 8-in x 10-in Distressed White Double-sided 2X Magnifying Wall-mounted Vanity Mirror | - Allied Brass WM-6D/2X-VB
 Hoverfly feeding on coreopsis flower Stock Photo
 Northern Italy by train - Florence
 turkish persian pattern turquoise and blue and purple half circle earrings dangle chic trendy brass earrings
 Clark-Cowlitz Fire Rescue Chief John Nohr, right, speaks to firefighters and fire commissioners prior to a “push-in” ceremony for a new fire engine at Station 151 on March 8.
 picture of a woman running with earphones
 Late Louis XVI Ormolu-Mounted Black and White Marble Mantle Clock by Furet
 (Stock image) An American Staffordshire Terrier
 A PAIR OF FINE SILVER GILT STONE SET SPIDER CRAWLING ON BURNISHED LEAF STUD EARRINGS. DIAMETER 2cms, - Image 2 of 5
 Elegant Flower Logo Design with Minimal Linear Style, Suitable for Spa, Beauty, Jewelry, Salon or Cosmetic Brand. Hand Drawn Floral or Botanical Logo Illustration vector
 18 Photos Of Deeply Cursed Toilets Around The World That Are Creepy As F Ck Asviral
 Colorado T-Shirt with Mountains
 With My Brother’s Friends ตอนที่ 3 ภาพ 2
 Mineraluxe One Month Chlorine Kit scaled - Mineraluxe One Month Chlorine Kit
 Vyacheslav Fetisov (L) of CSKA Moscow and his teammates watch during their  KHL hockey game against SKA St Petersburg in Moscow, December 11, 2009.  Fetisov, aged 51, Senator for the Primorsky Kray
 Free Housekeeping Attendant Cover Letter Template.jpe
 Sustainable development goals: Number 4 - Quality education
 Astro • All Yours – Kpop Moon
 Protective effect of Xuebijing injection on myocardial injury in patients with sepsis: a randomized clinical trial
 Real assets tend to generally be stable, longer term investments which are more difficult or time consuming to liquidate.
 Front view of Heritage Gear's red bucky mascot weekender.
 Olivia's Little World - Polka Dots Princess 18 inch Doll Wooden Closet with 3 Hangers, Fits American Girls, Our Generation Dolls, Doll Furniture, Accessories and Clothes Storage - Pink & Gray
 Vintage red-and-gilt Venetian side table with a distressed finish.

* * * * * * *

> Task to carry out:
Extract every line from the one with "Olivia's Little World" down to the final line above, both included, exactly as written.

> Result of the task:
 Olivia's Little World - Polka Dots Princess 18 inch Doll Wooden Closet with 3 Hangers, Fits American Girls, Our Generation Dolls, Doll Furniture, Accessories and Clothes Storage - Pink & Gray
 Vintage red-and-gilt Venetian side table with a distressed finish.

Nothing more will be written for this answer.